Data extract »
+++++

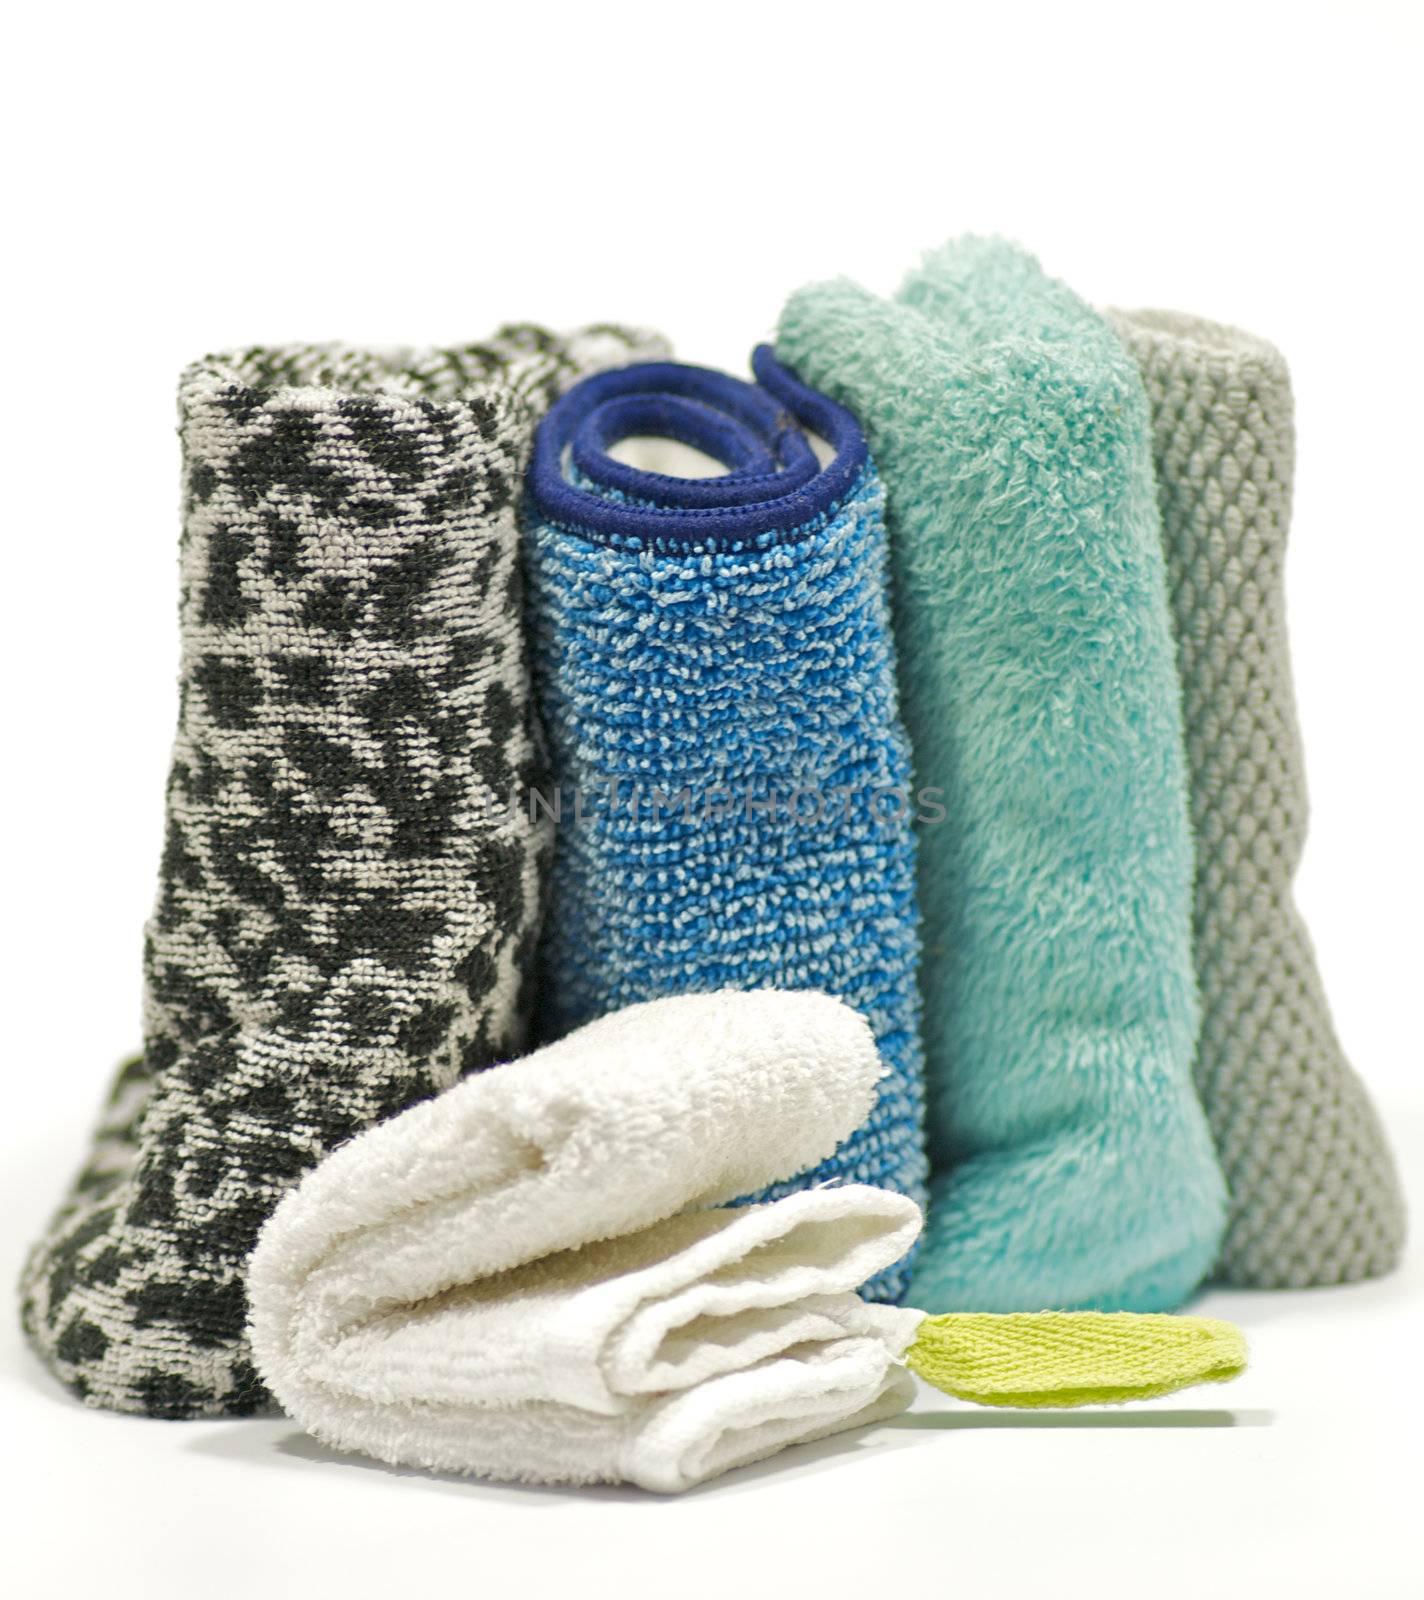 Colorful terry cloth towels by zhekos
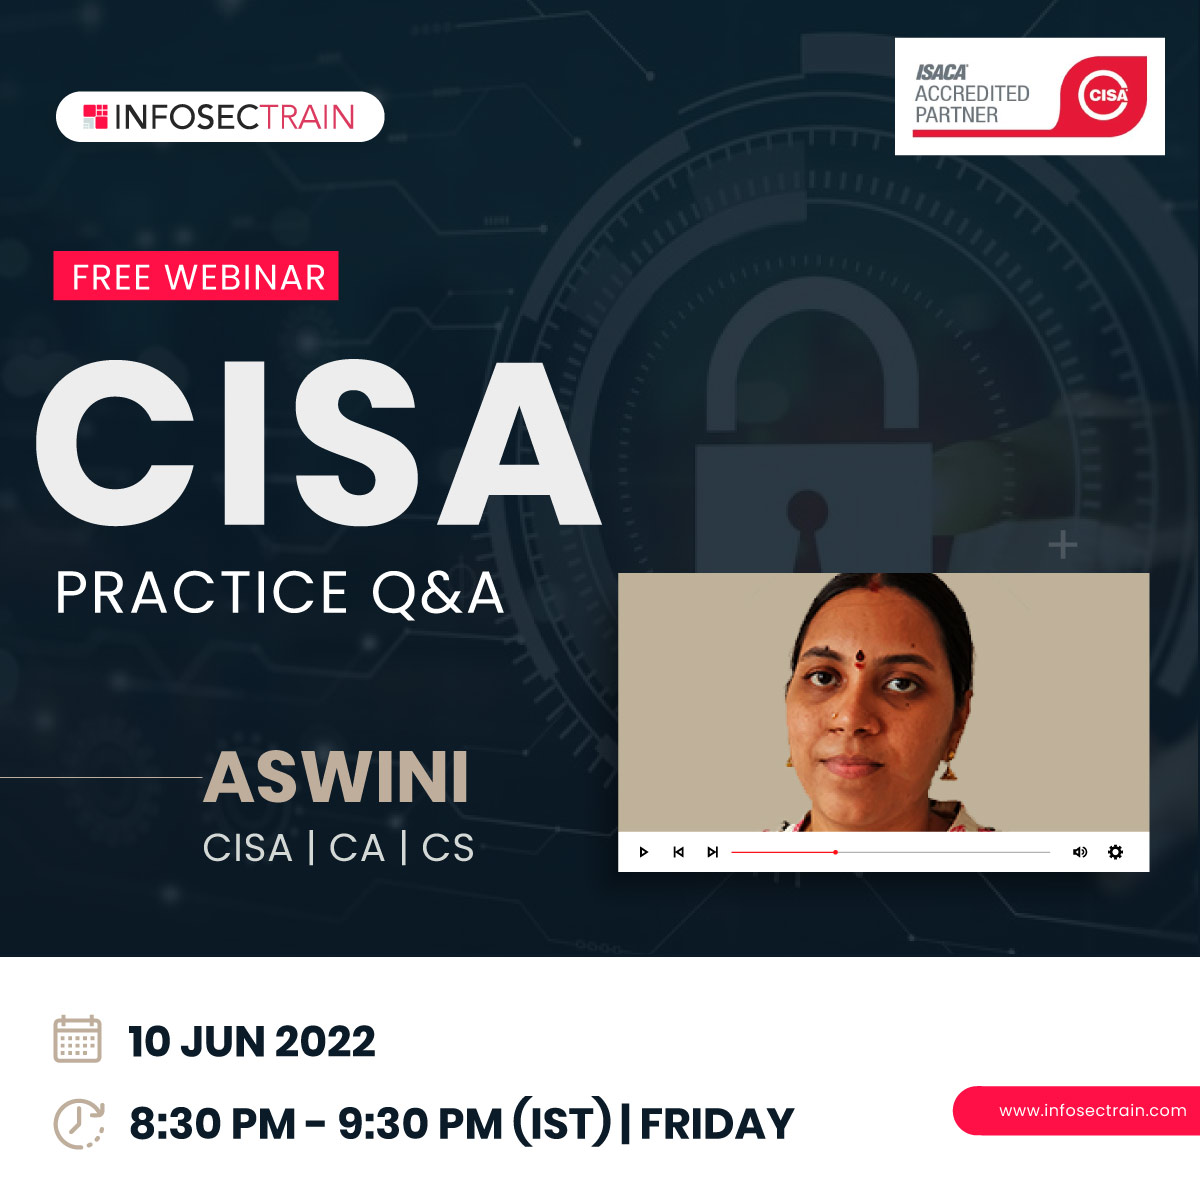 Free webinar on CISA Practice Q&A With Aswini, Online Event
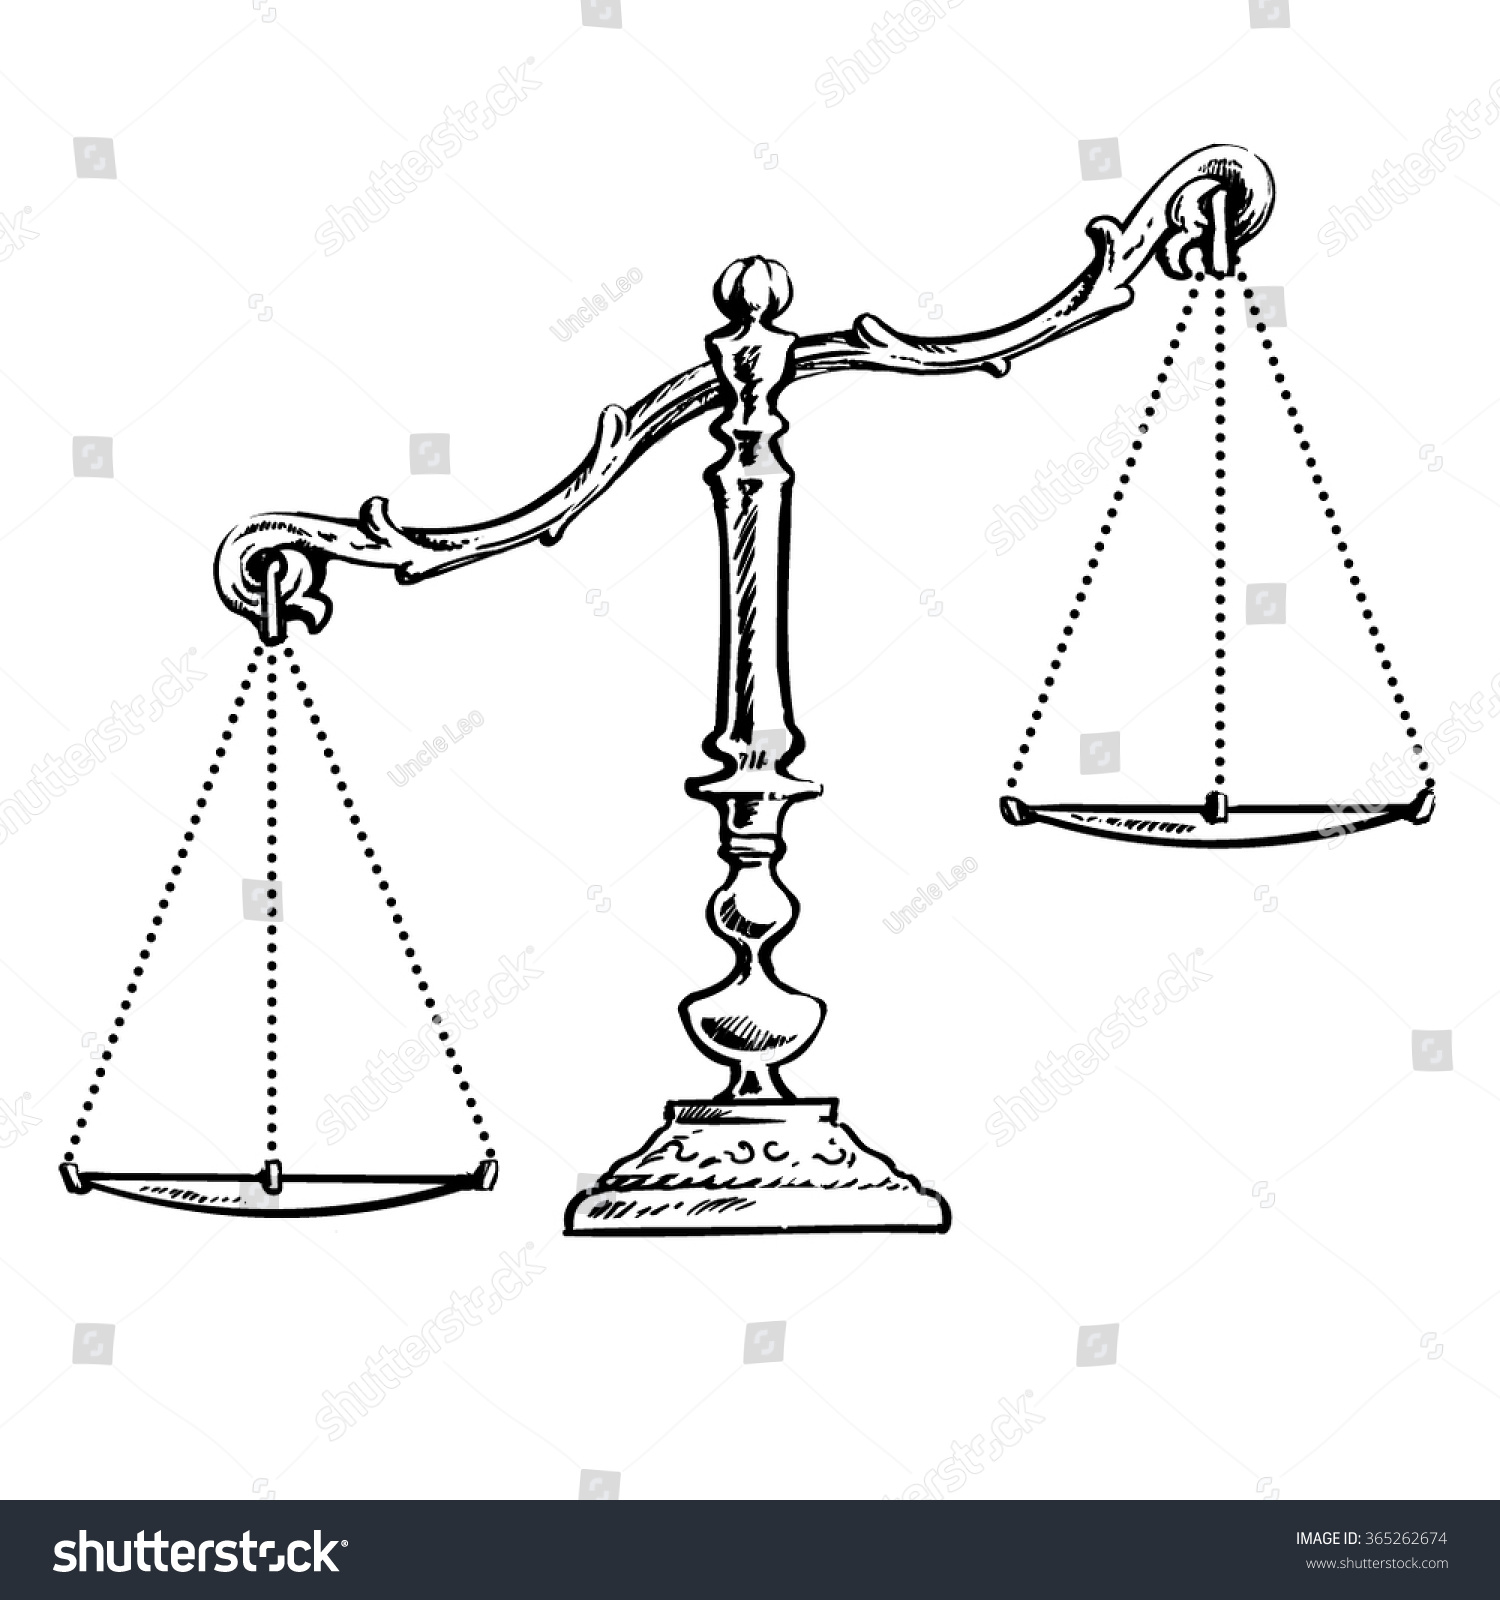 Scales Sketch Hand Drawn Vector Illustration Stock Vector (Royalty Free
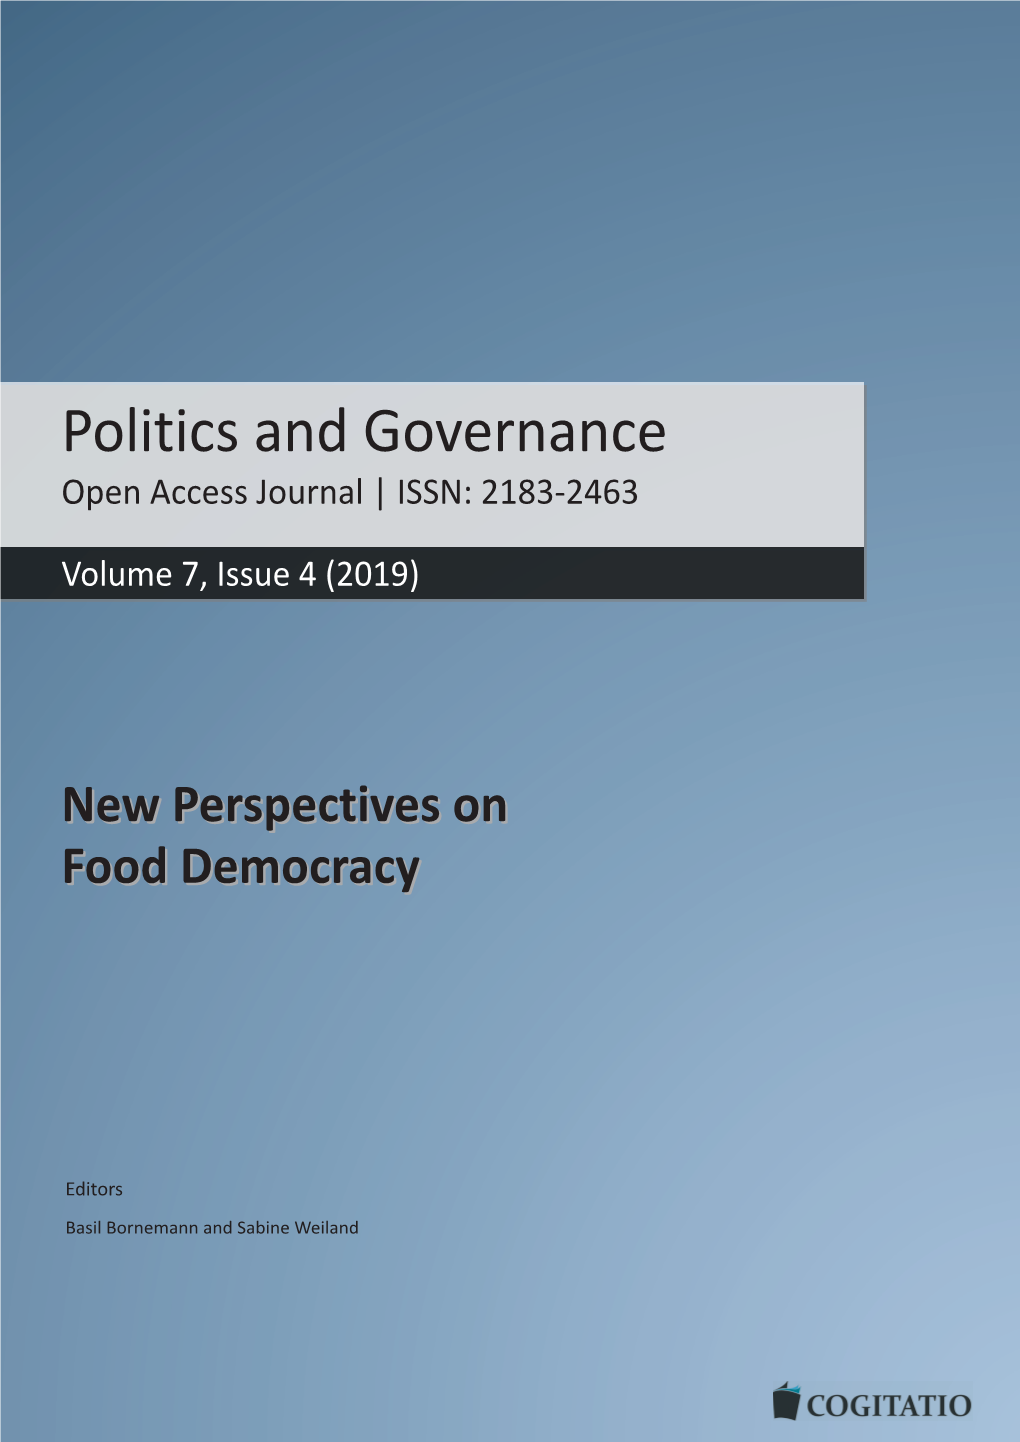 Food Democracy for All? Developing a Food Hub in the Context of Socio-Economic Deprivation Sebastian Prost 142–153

+++++

Problem statement » From the first line of the material to the last, retype everything exactly except the images.

Answer space »
 Colorful terry cloth towels by zhekos
 Free webinar on CISA Practice Q&A With Aswini, Online Event
 Scales Sketch Hand Drawn Vector Illustration Stock Vector (Royalty Free
 Food Democracy for All? Developing a Food Hub in the Context of Socio-Economic Deprivation Sebastian Prost 142–153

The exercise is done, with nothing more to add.